Dataset entries |
▬▬▬▬▬▬▬▬▬▬

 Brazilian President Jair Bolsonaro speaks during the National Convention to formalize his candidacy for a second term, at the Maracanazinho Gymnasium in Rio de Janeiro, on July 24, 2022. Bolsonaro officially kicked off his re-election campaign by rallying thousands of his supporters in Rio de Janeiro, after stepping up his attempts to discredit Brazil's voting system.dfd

▬▬▬▬▬▬▬▬▬▬

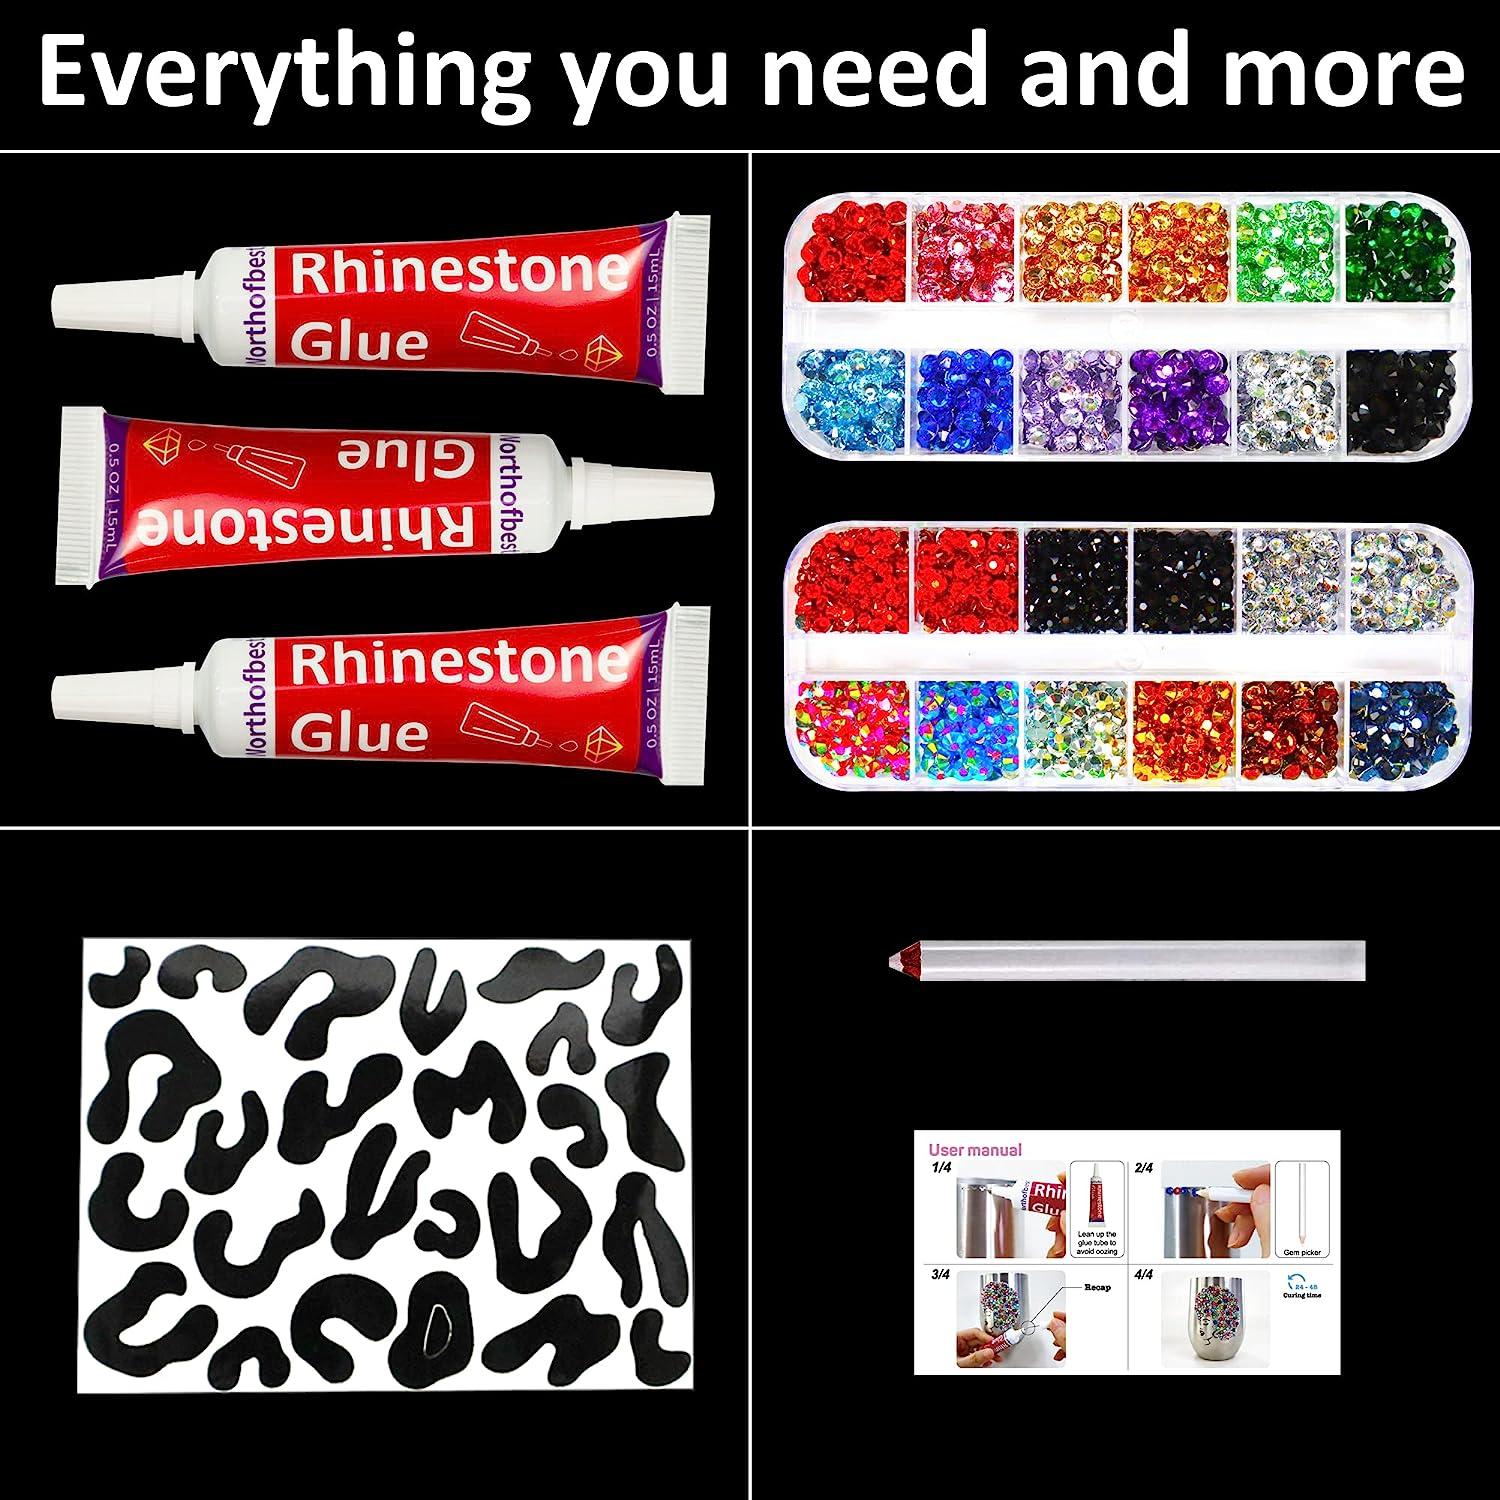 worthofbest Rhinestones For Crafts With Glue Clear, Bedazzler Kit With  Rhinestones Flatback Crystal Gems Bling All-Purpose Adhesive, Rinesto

▬▬▬▬▬▬▬▬▬▬

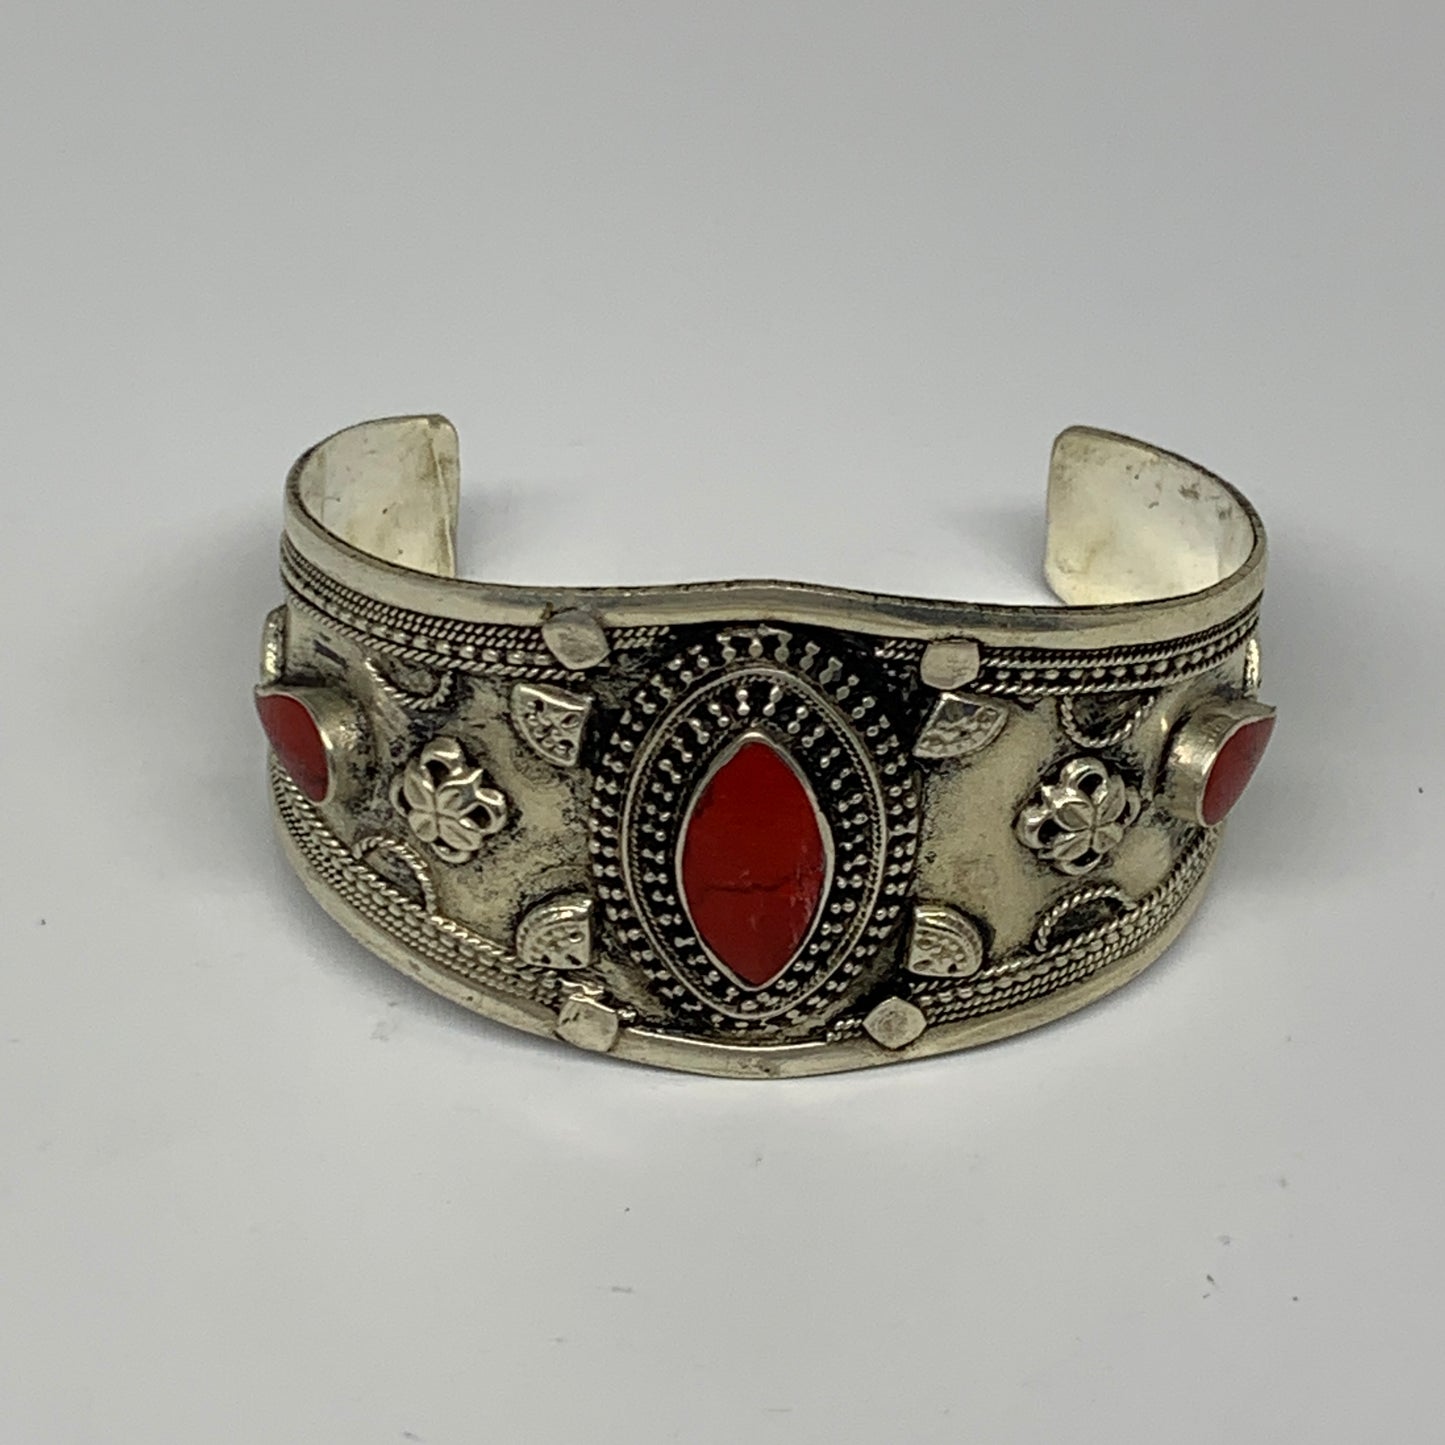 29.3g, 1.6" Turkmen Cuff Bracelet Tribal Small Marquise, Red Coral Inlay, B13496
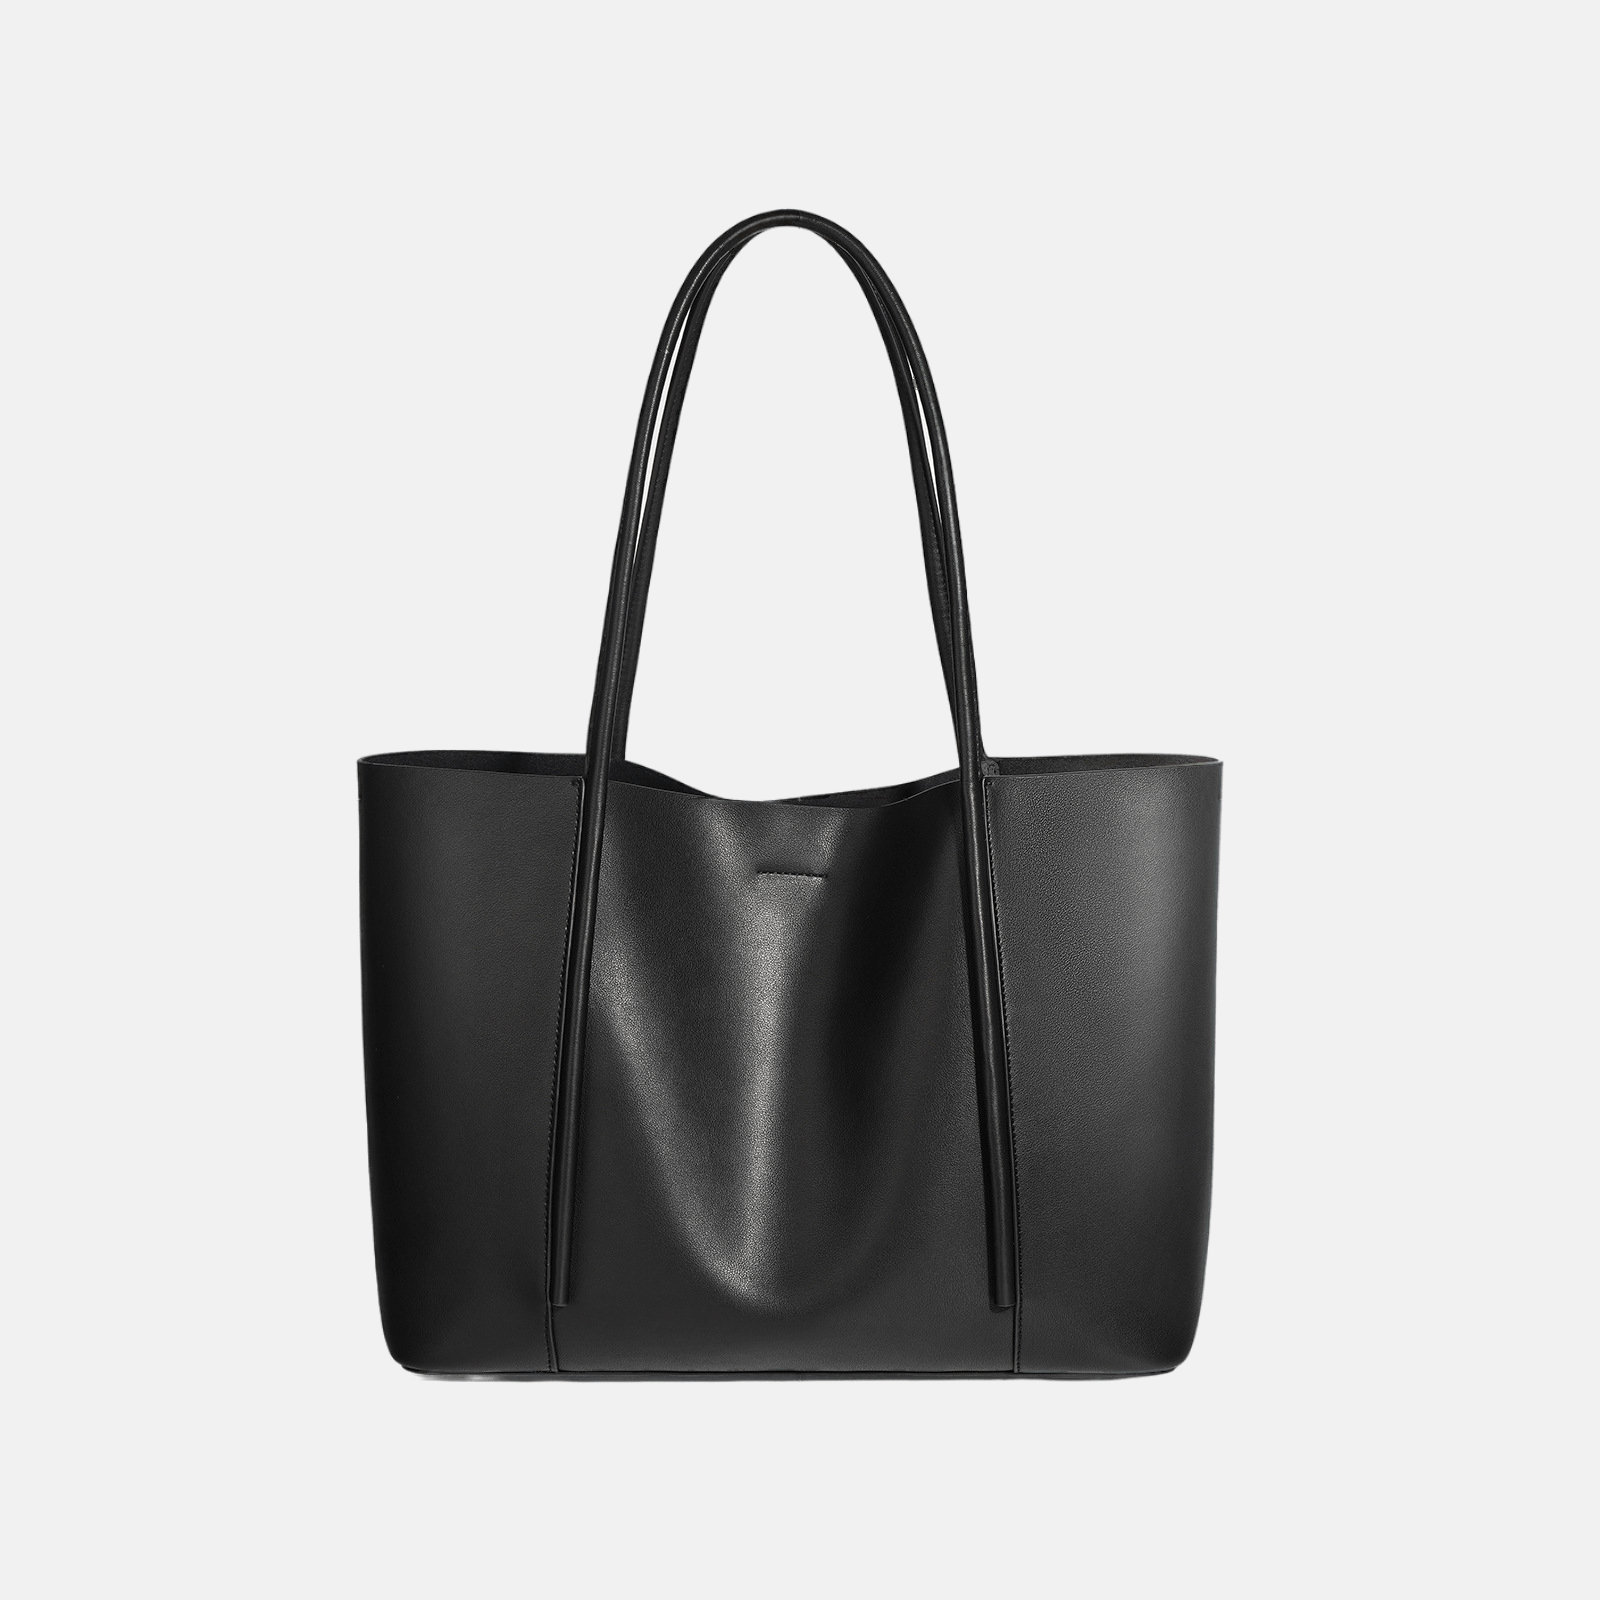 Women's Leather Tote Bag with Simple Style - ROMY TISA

▬▬▬▬▬▬▬▬▬▬

What needs to be done | Look above for the line with "Coral Inlay, B13496" and the line with "Women's Leather Tote"; set down those two lines and all lines between them exactly, without pictures and without anything else.

Task solution |
 29.3g, 1.6" Turkmen Cuff Bracelet Tribal Small Marquise, Red Coral Inlay, B13496
 Women's Leather Tote Bag with Simple Style - ROMY TISA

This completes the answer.